The completion of the transactions contemplated by the agreement is subject to certain conditions
being met and is expected to close in April 2023. EarthCo will have a March year-end to align with
MultiChoice as the majority owner.

The transactions contemplated in the agreement do not fall within a category transaction as defined in
the JSE Listings Requirements.

Randburg
2 March 2023

For further information:

Investor relations
Meloy Horn
meloy.horn@MultiChoice.com or investorrelations@MultiChoice.com
+27 11 289 3320 or +27 82 7727 123

Corporate affairs
Collen Dlamini
collen.dlamini@MultiChoice.co.za
+27 11 289 3000 or +27 83 212 0430

Sponsor
RAND MERCHANT BANK (A division of FirstRand Bank Limited)


Important notice

Shareholders should take note that, pursuant to a provision of the MultiChoice memorandum of
incorporation, MultiChoice is permitted to reduce the voting rights of shares in MultiChoice (including
MultiChoice shares deposited in terms of the American Depositary Share ("ADS") facility) so that the
aggregate voting power of MultiChoice shares that are presumptively owned or held by foreigners to
South Africa (as envisaged in the MultiChoice memorandum of incorporation) will not exceed 20% of the
total voting power in MultiChoice.

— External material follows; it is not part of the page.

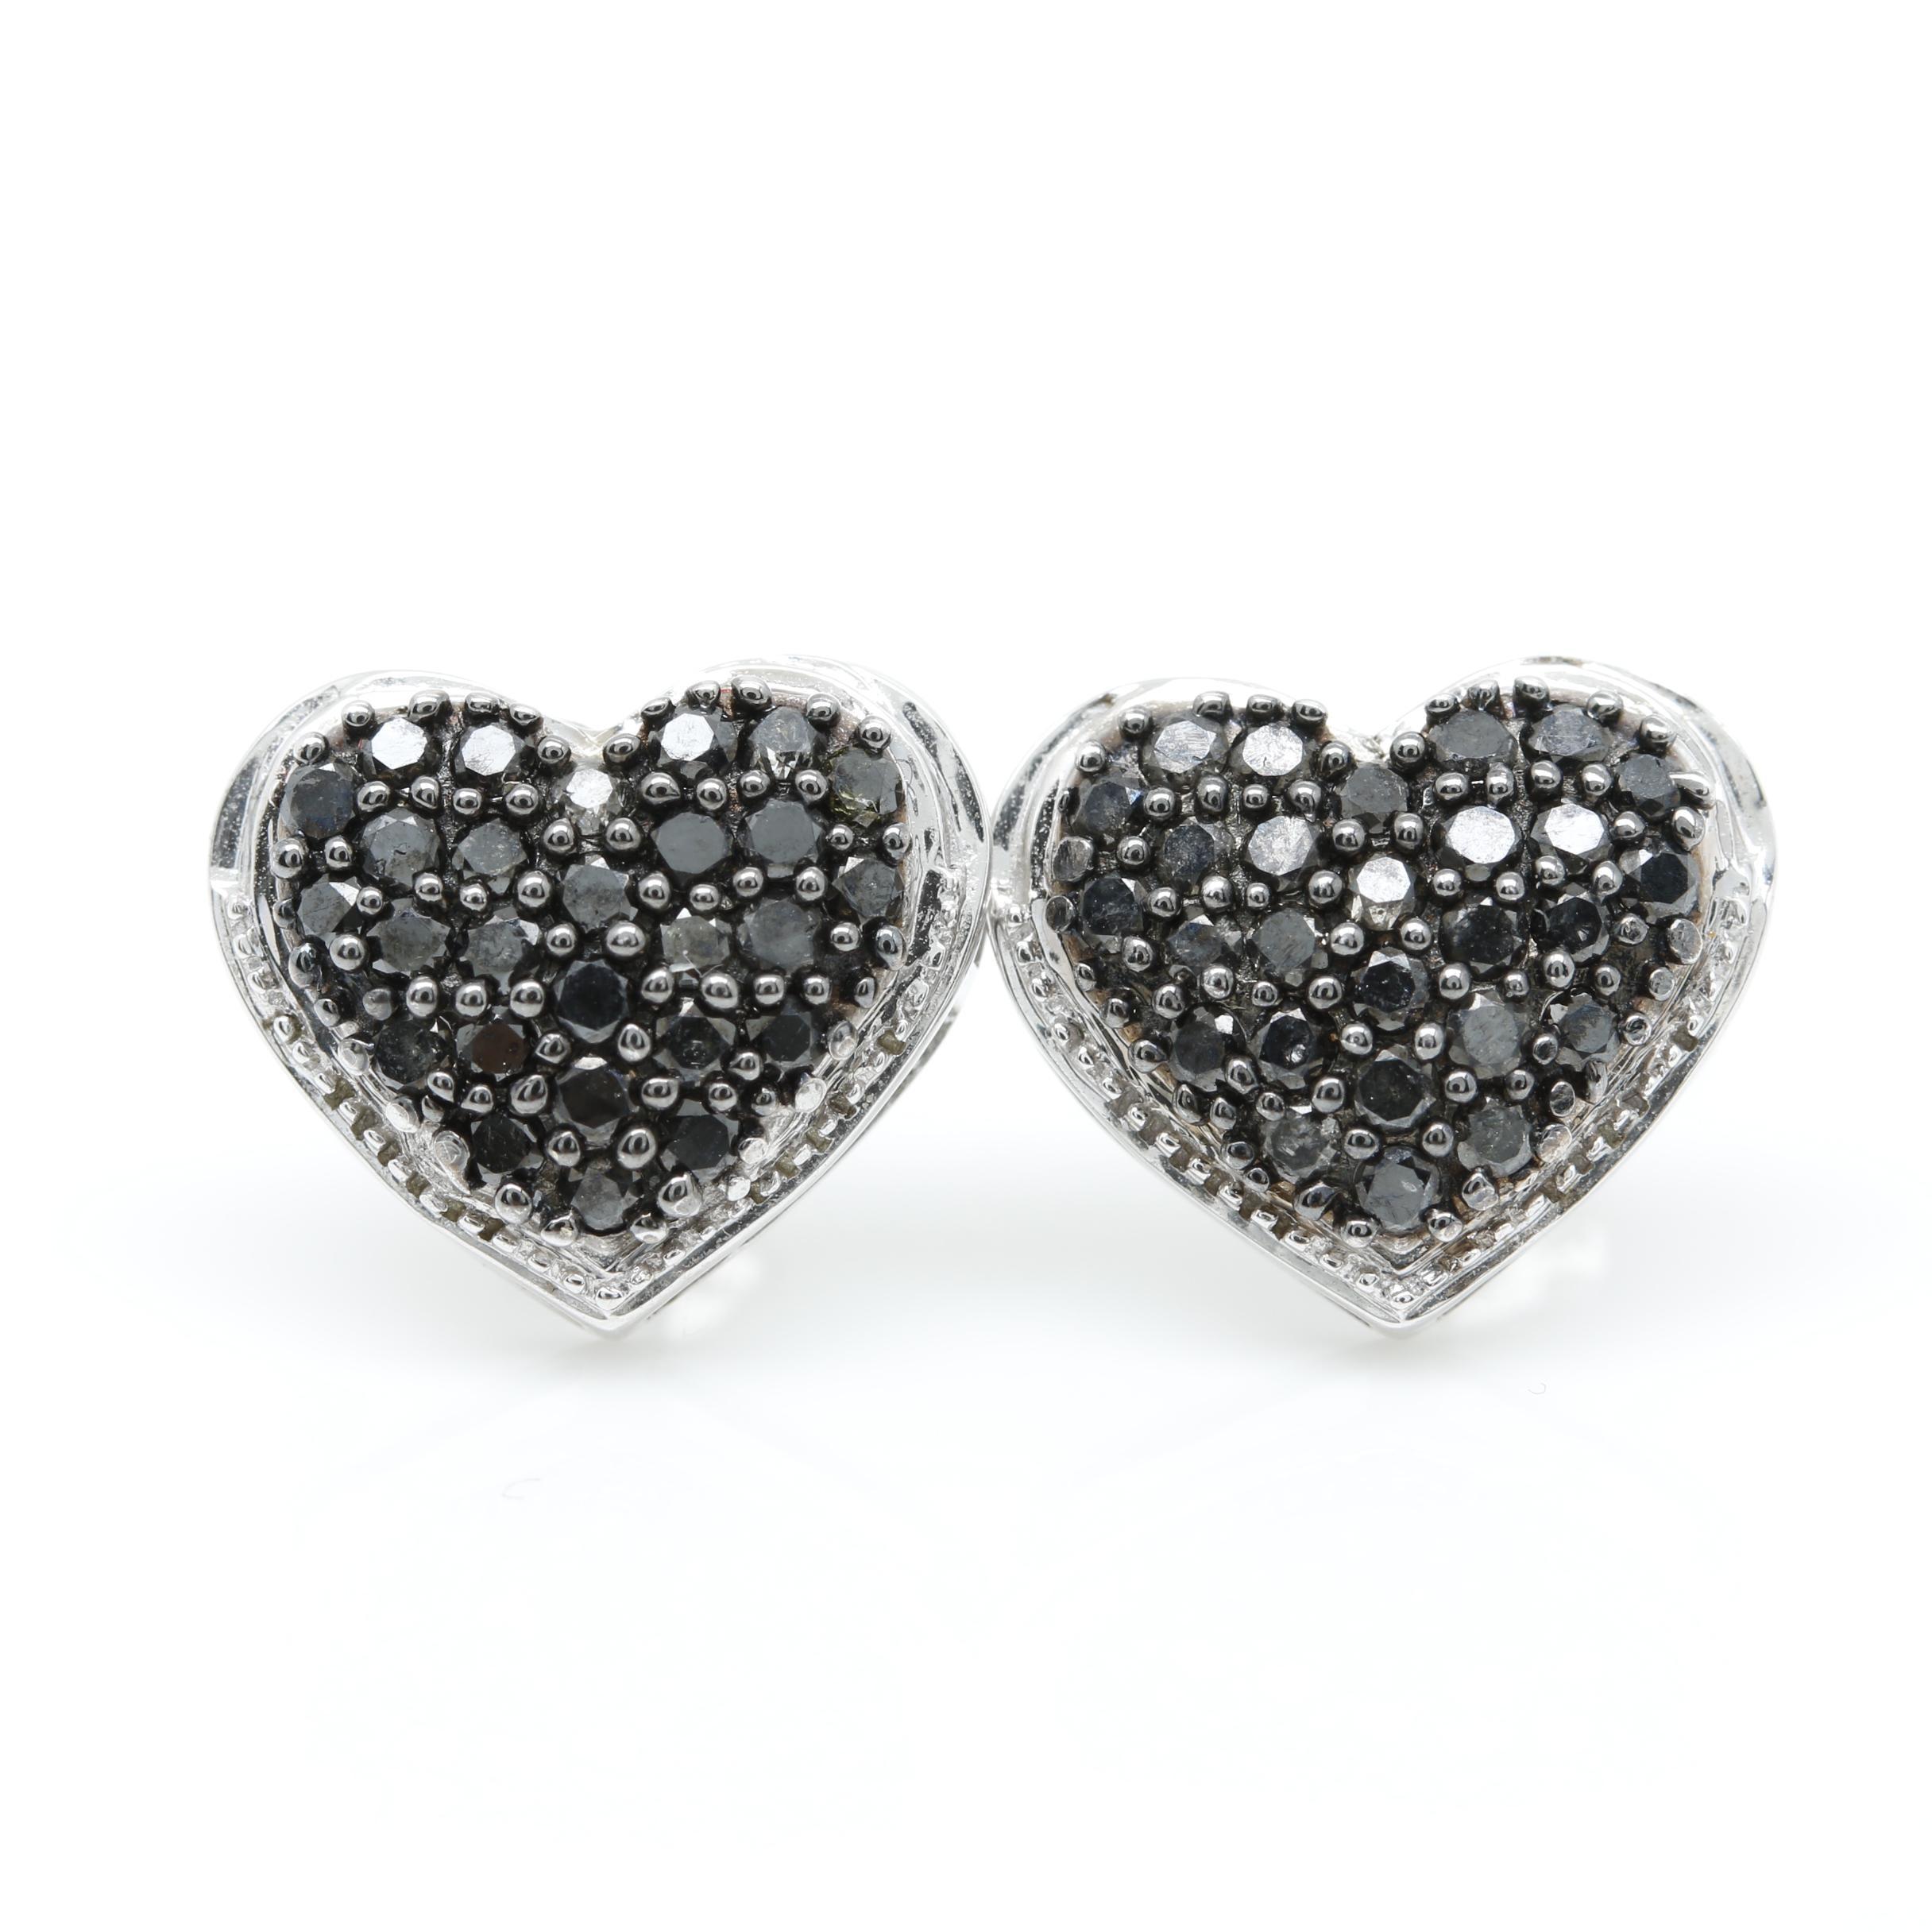 14K White Gold Black Diamond Heart Earrings
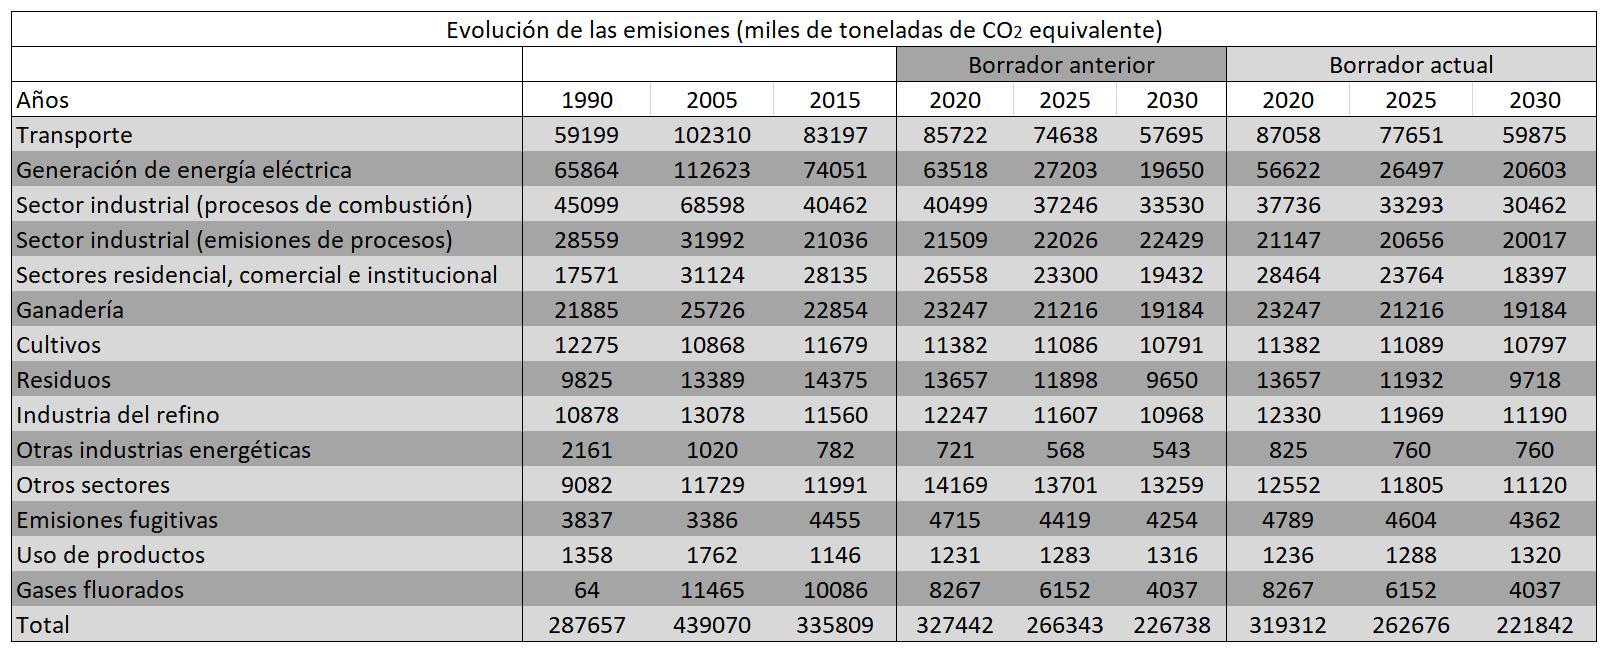 AleaSoft - Evolución de las emisiones (miles de toneladas de CO2 equivalente)

This is to ensure compliance with certain statutory requirements
applicable to South Africa. For this purpose, MultiChoice will presume in particular that:

   •   all MultiChoice shares deposited in terms of the MultiChoice ADS facility are owned or held by
       foreigners to South Africa, regardless of the actual nationality of the MultiChoice ADS holder; and
   •   all shareholders with an address outside of South Africa on the register of MultiChoice will be
       deemed to be foreigners to South Africa, irrespective of their actual nationality or domicilium,
       unless such shareholder can provide proof, to the satisfaction of the MultiChoice board, that it
       should not be deemed to be a foreigner to South Africa, as envisaged in article 40.1.3 of the
       MultiChoice memorandum of incorporation.
Shareholders are referred to the provisions of the MultiChoice memorandum of incorporation available
at www.MultiChoice.com for further detail. If shareholders are in any doubt as to what action to take,
they should seek advice from their broker, attorney or other professional adviser.